Kernel is ubuntu-precise 3.2.0-25 40 plus following patches applied manually:
commit fab363b5ff502d1b39ddcfec04271f5858d9f26e
Author: Shaohua Li <shli <at> kernel.org>
Date: Tue Jul 3 15:57:19 2012 +1000
raid5: delayed stripe fix
and
commit a7854487cd7128a30a7f4f5259de9f67d5efb95f
Author: Alexander Lyakas <alex.bolshoy@gmail.com>
Date: Thu Oct 11 13:50:12 2012 +1100
md: When RAID5 is dirty, force reconstruct-write instead of
read-modify-write.
/proc/mdstat shows:
Personalities : [raid1] [raid6] [raid5] [raid4]
md2 : active raid5 dm-5[0] dm-7[2](F) dm-6[1]
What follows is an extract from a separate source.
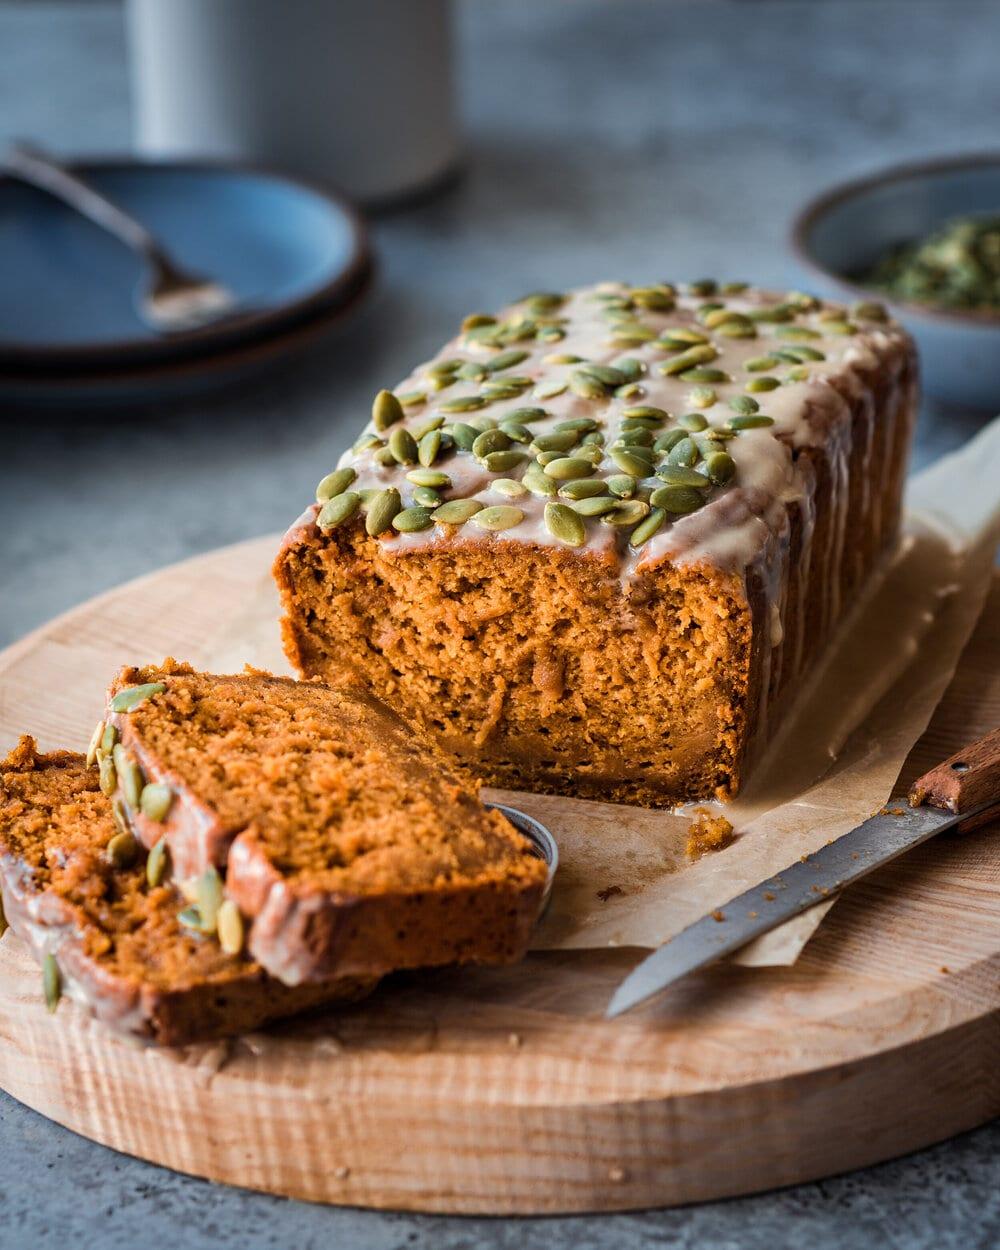 pumpkin+bread+-+2+slices+(1+of+1) (1).jpg
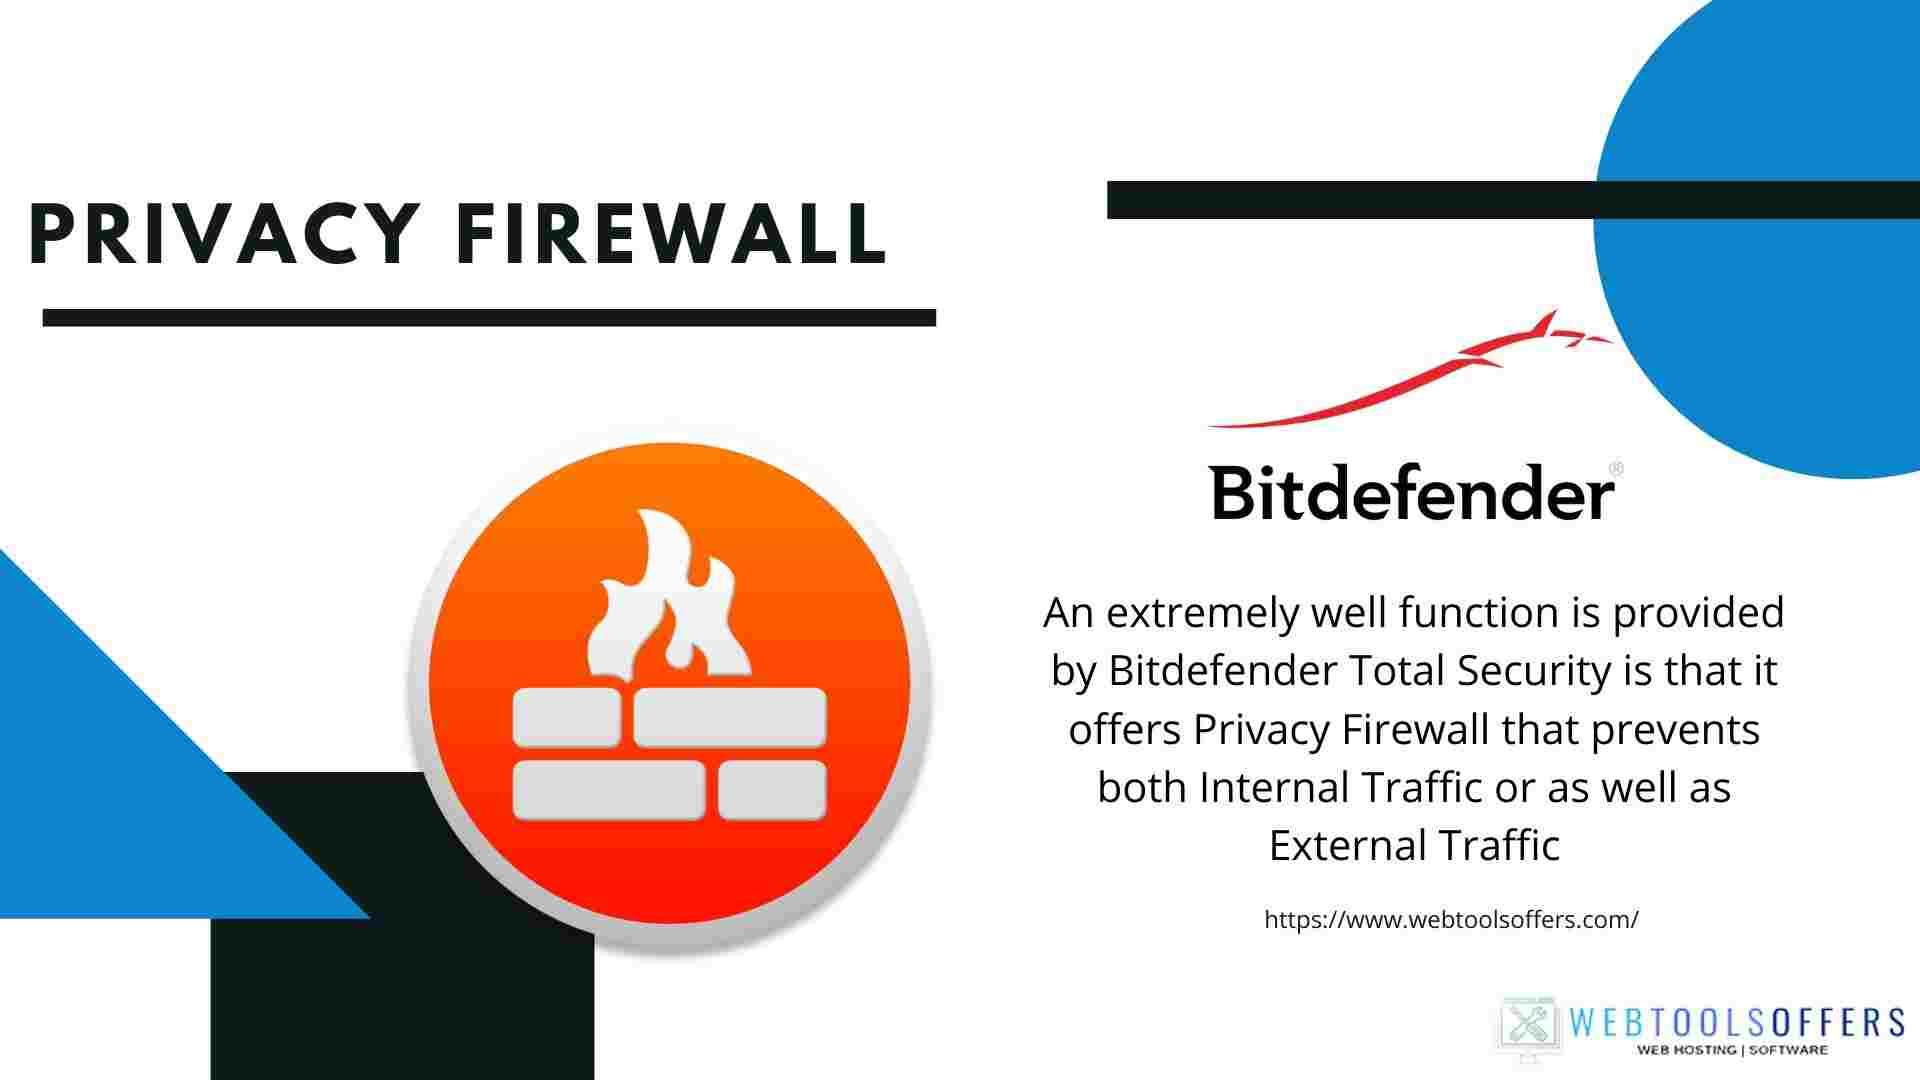 Privacy Firewall

7809200128 blocks super 1.2 level 5, 64k chunk, algorithm 2 [3/2] [UU_]
resync=PENDING
bitmap: 29/30 pages [116KB], 65536KB chunk
From the patches applied to that kernel above our version, the
following seems somewhat relevant:
cc1ceee md/raid5: In ops_run_io, inc nr_pending before calling
md_wait_for_blocked_rdev
but in our case badblocks are disabled.
(original conversation is in http://www.spinics.net/lists/raid/msg39191.html).
Here are some stacks that we captured and appropriate places in the code:
[] __cond_resched+0x2a/0x40
[] handle_stripe+0x400/0x1d80 [raid456]
[] raid5d+0x463/0x650 [raid456]
[] md_thread+0x10e/0x140
[] kthread+0x8c/0xa0
[] kernel_thread_helper+0x4/0x10
[] 0xffffffffffffffff
0x59e0 is in handle_stripe
(/mnt/work/alex/Ubuntu-3.2.0-25.40/drivers/md/raid5.c:495).
490 struct r5conf *conf = sh->raid_conf;
491 int i, disks = sh->disks;
492
493 might_sleep();
494
495 for (i = disks; i--; ) {
496 int rw;
497 struct bio *bi;
498 struct md_rdev *rdev;
499 if (test_and_clear_bit(R5_Wantwrite,
&sh->dev[i].flags)) {
[] __cond_resched+0x2a/0x40
[] raid5d+0x470/0x650 [raid456]
[] md_thread+0x10e/0x140
[] kthread+0x8c/0xa0
[] kernel_thread_helper+0x4/0x10
[] 0xffffffffffffffff
0x8d80 is in raid5d (/mnt/work/alex/Ubuntu-3.2.0-25.40/drivers/md/raid5.c:4306).
4301 handled++;
4302 handle_stripe(sh);
4303 release_stripe(sh);
4304 cond_resched();
4305
4306 if (mddev->flags & ~(1<<MD_CHANGE_PENDING))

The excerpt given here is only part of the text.